Data segment Start Marker
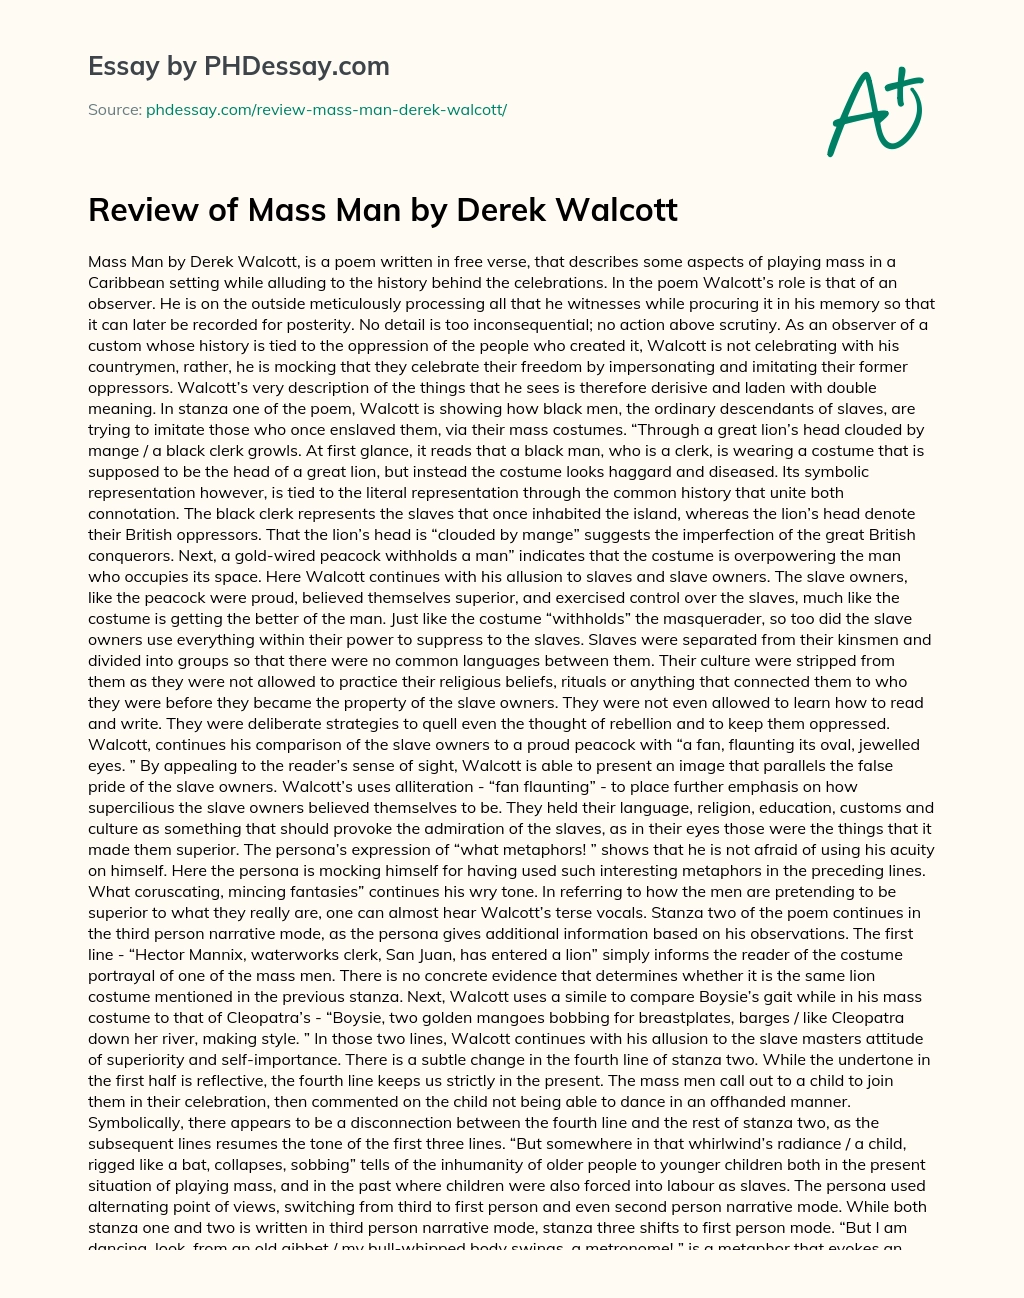 Review of Mass Man by Derek Walcott essay
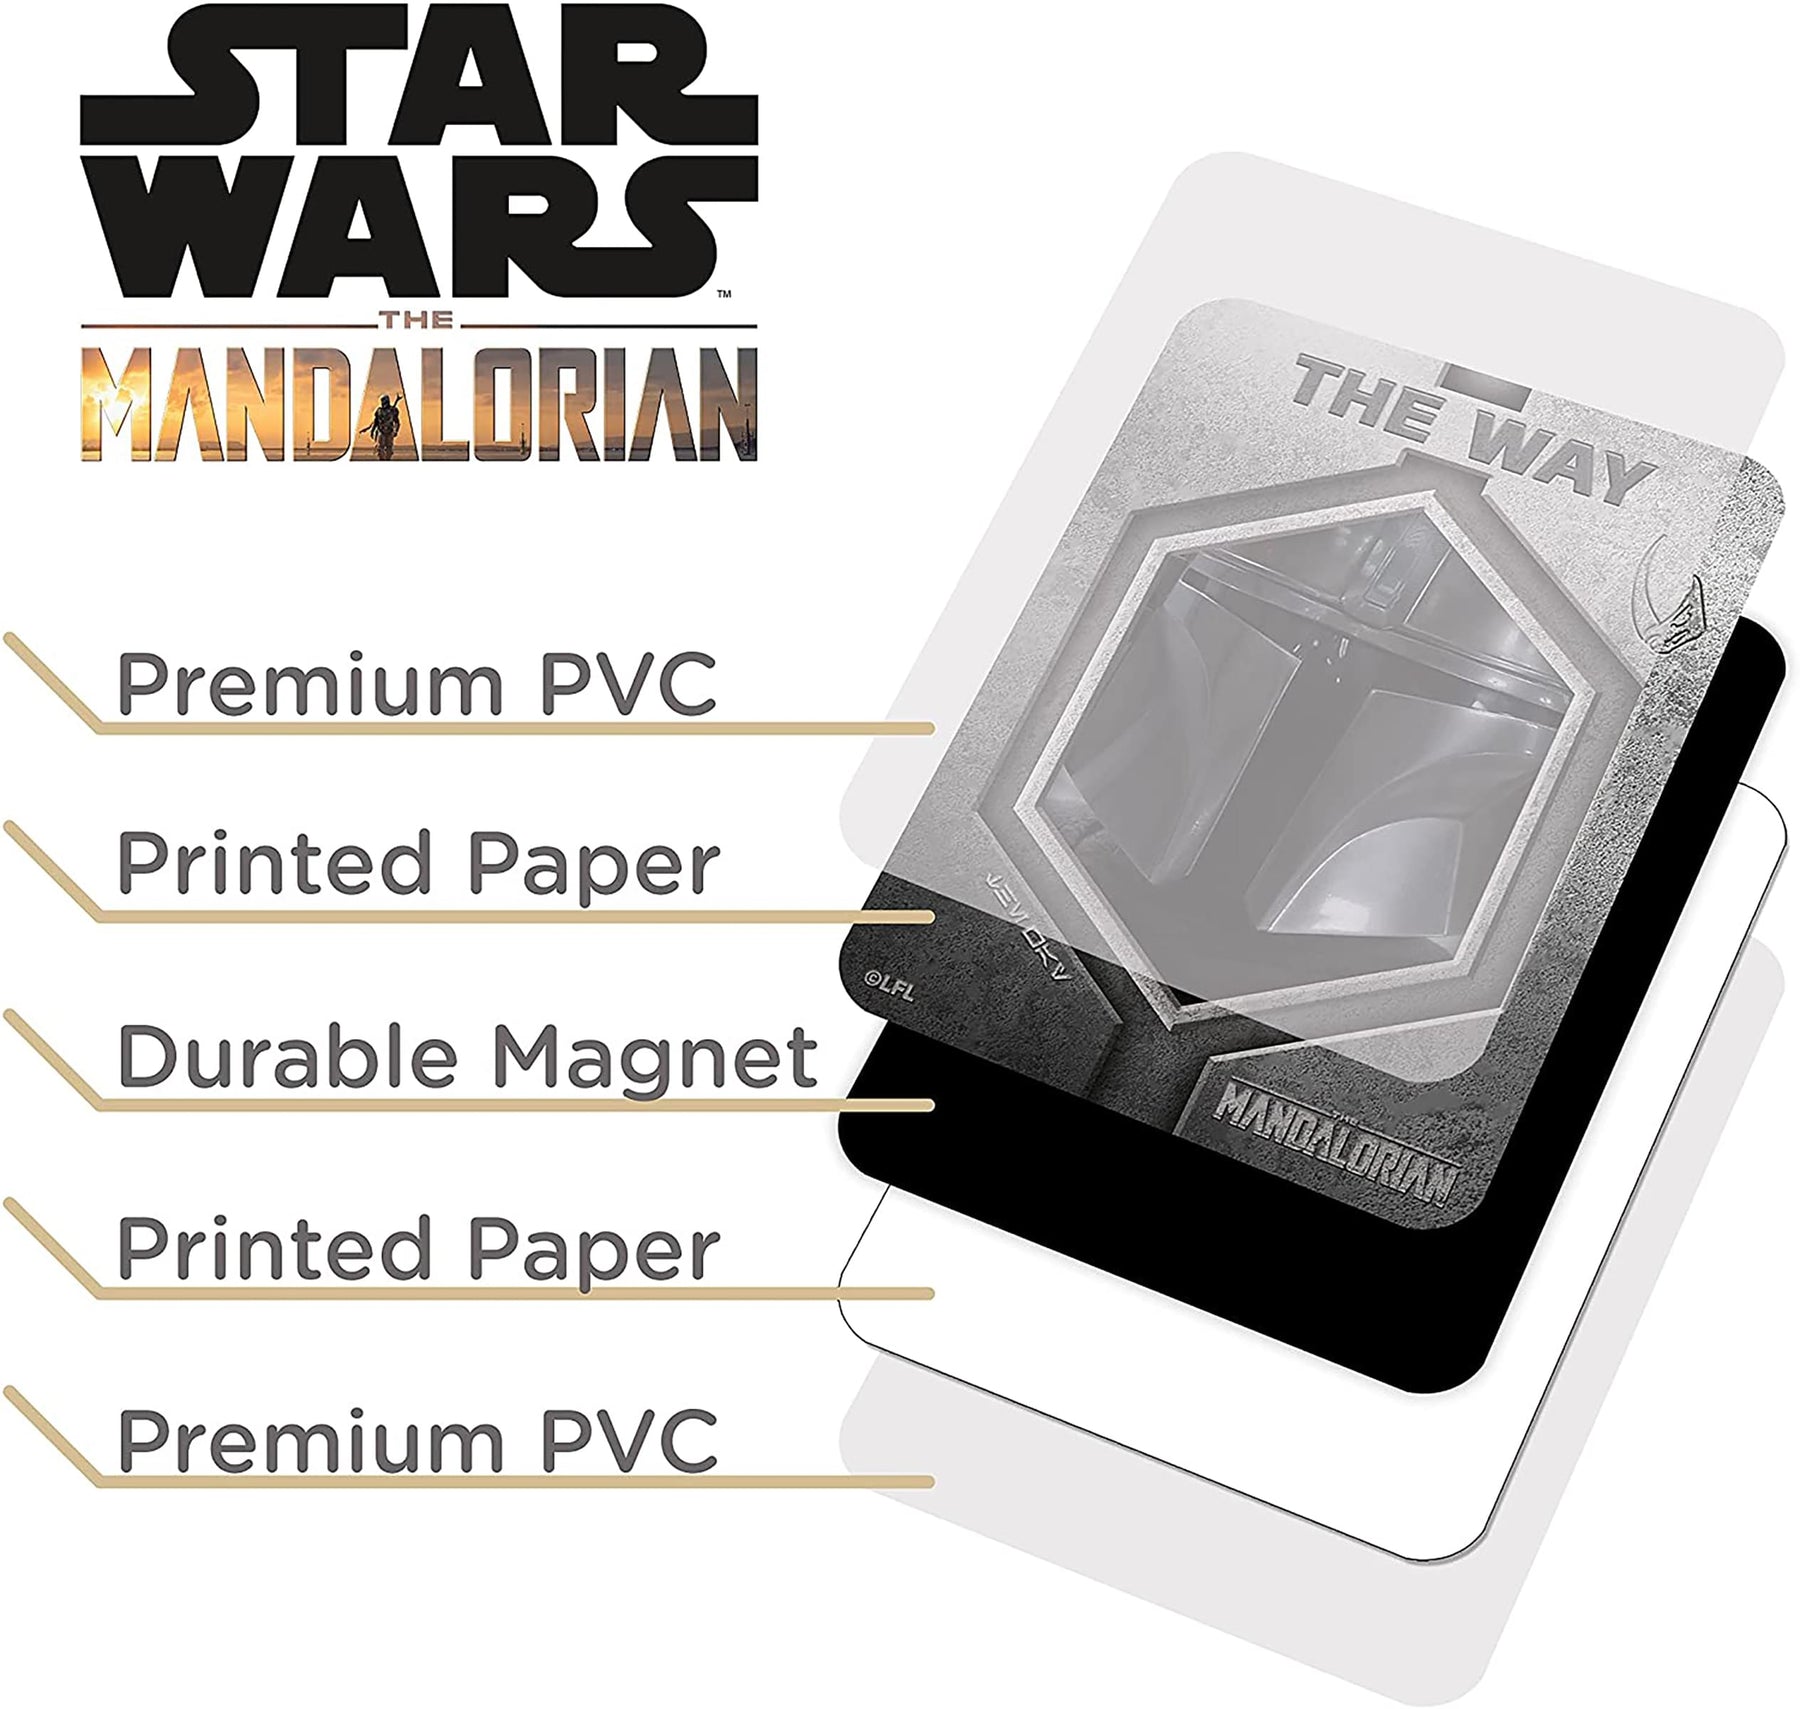 Star Wars The Mandalorian Double Sided Dishwasher Magnet
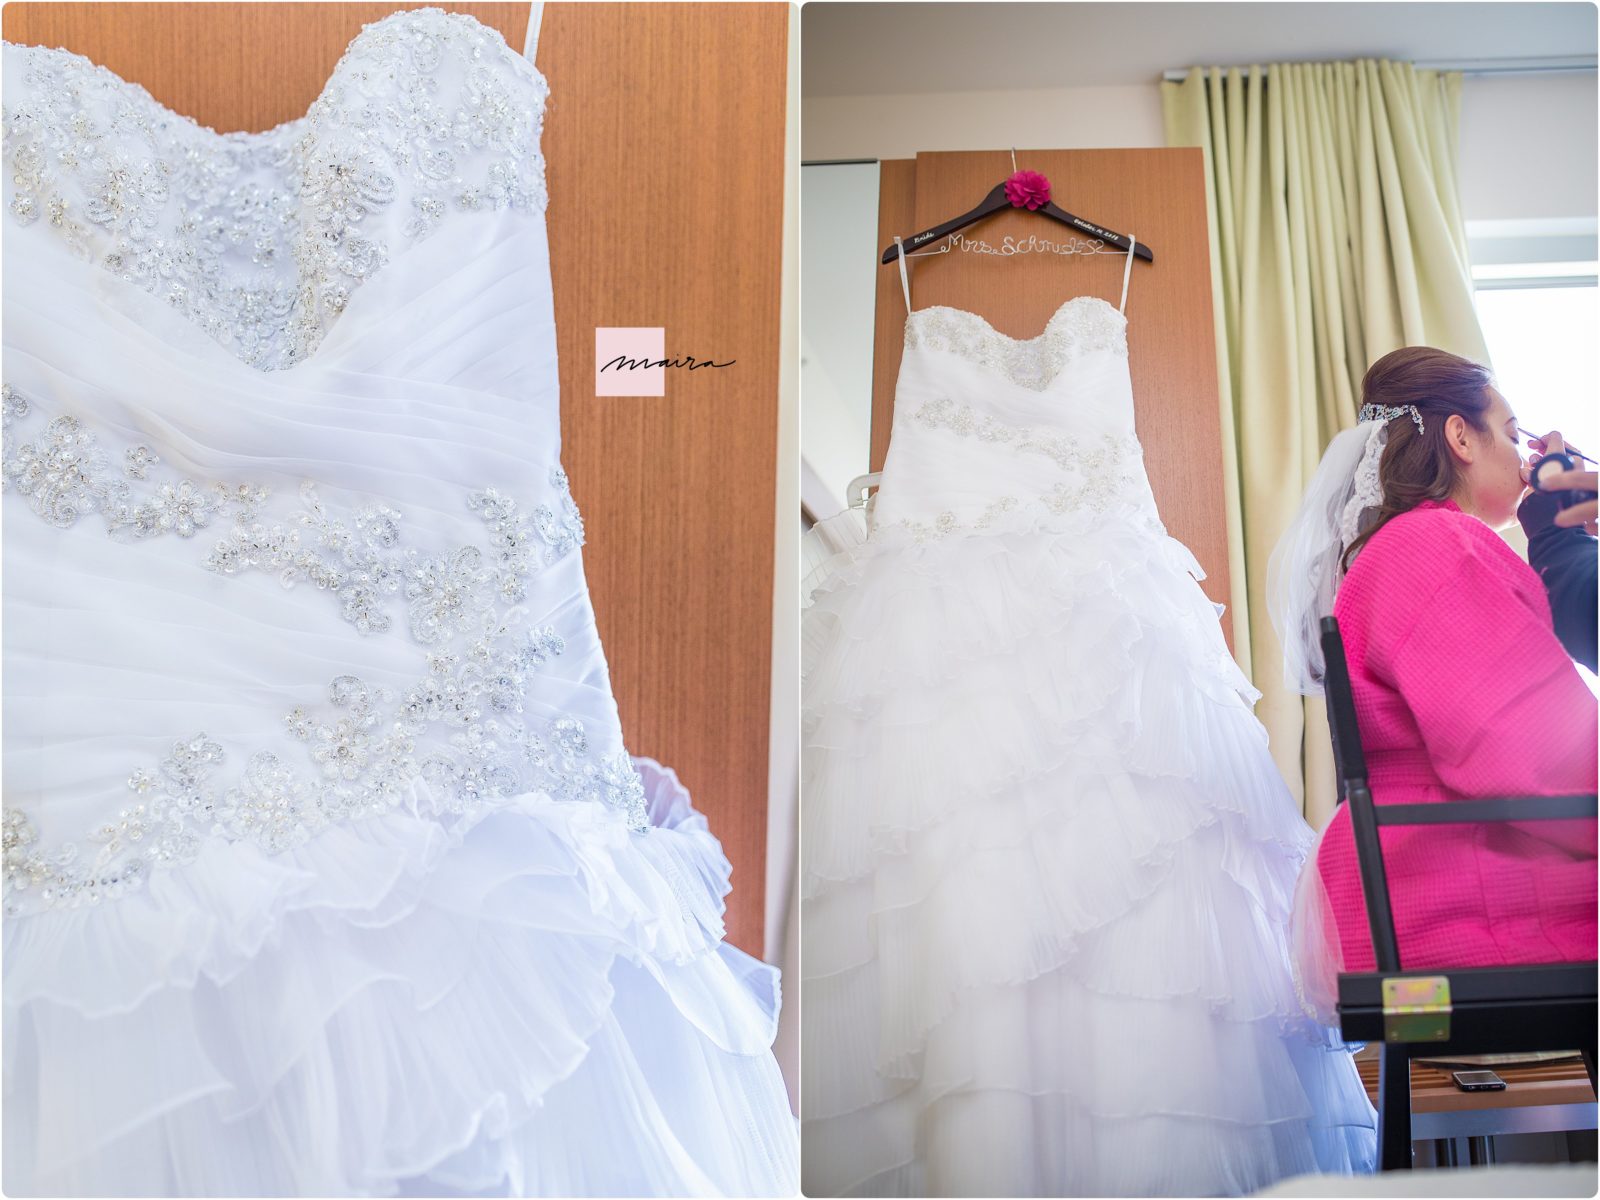 Blue brides high heels, Wedding details, brides earnings, Bride Getting ready, Brides Makeup artist, Wedding Dress
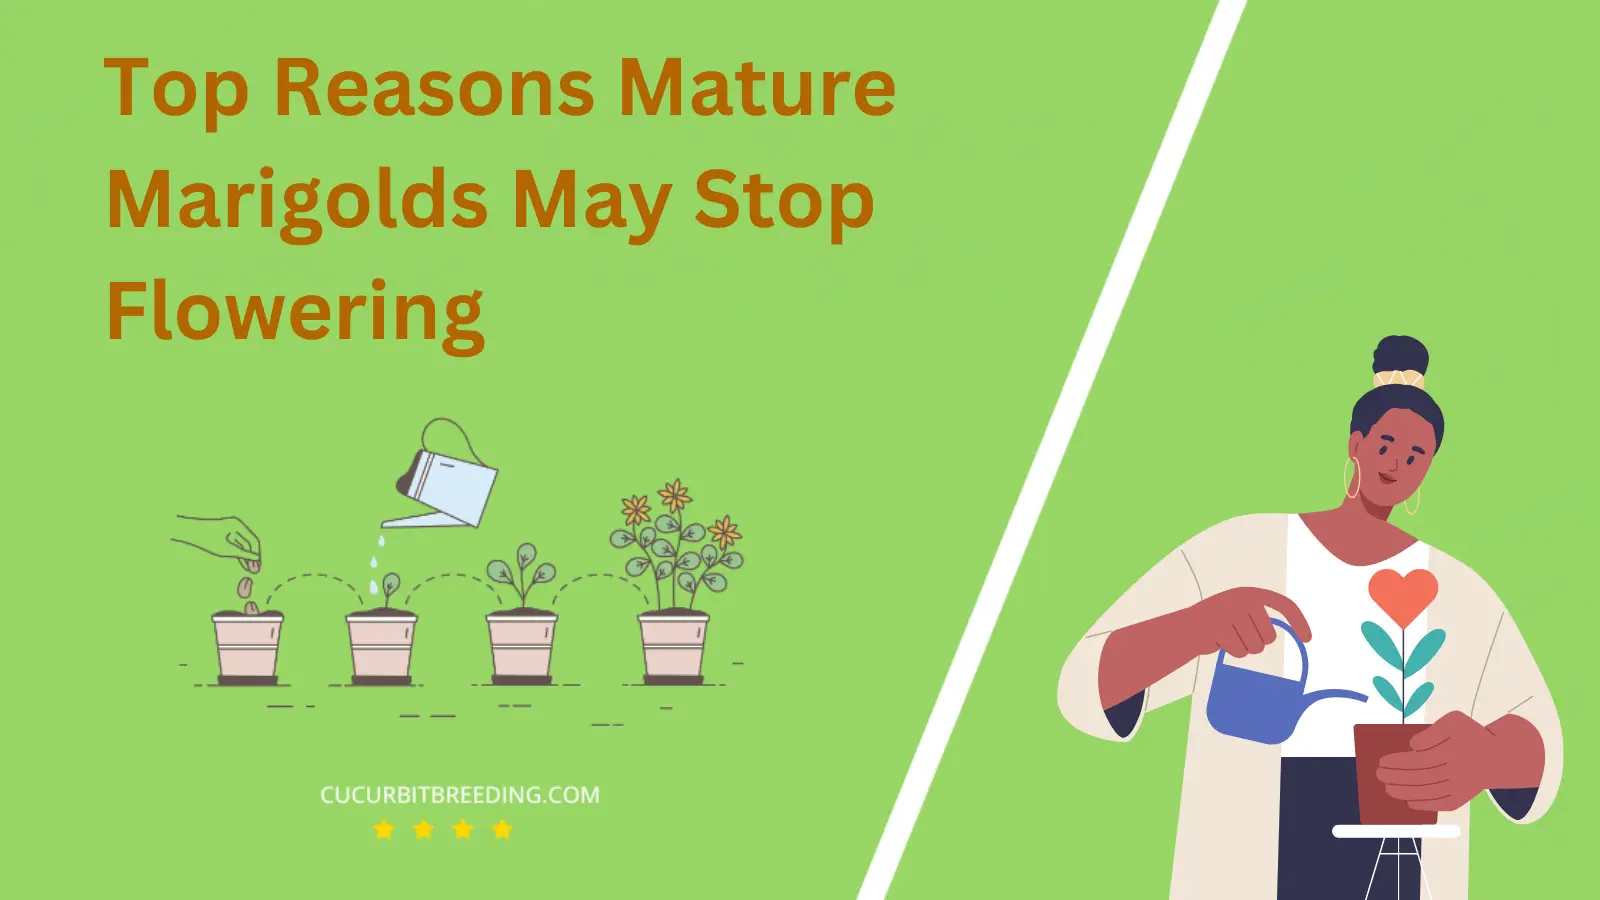 Top Reasons Mature Marigolds May Stop Flowering
Data segment End Marker
Directions:
Except for the pictures, the whole listing above should be transcribed exactly.

Output:
 Review of Mass Man by Derek Walcott essay
 Star Wars The Mandalorian Double Sided Dishwasher Magnet
 Blue brides high heels, Wedding details, brides earnings, Bride Getting ready, Brides Makeup artist, Wedding Dress
 Top Reasons Mature Marigolds May Stop Flowering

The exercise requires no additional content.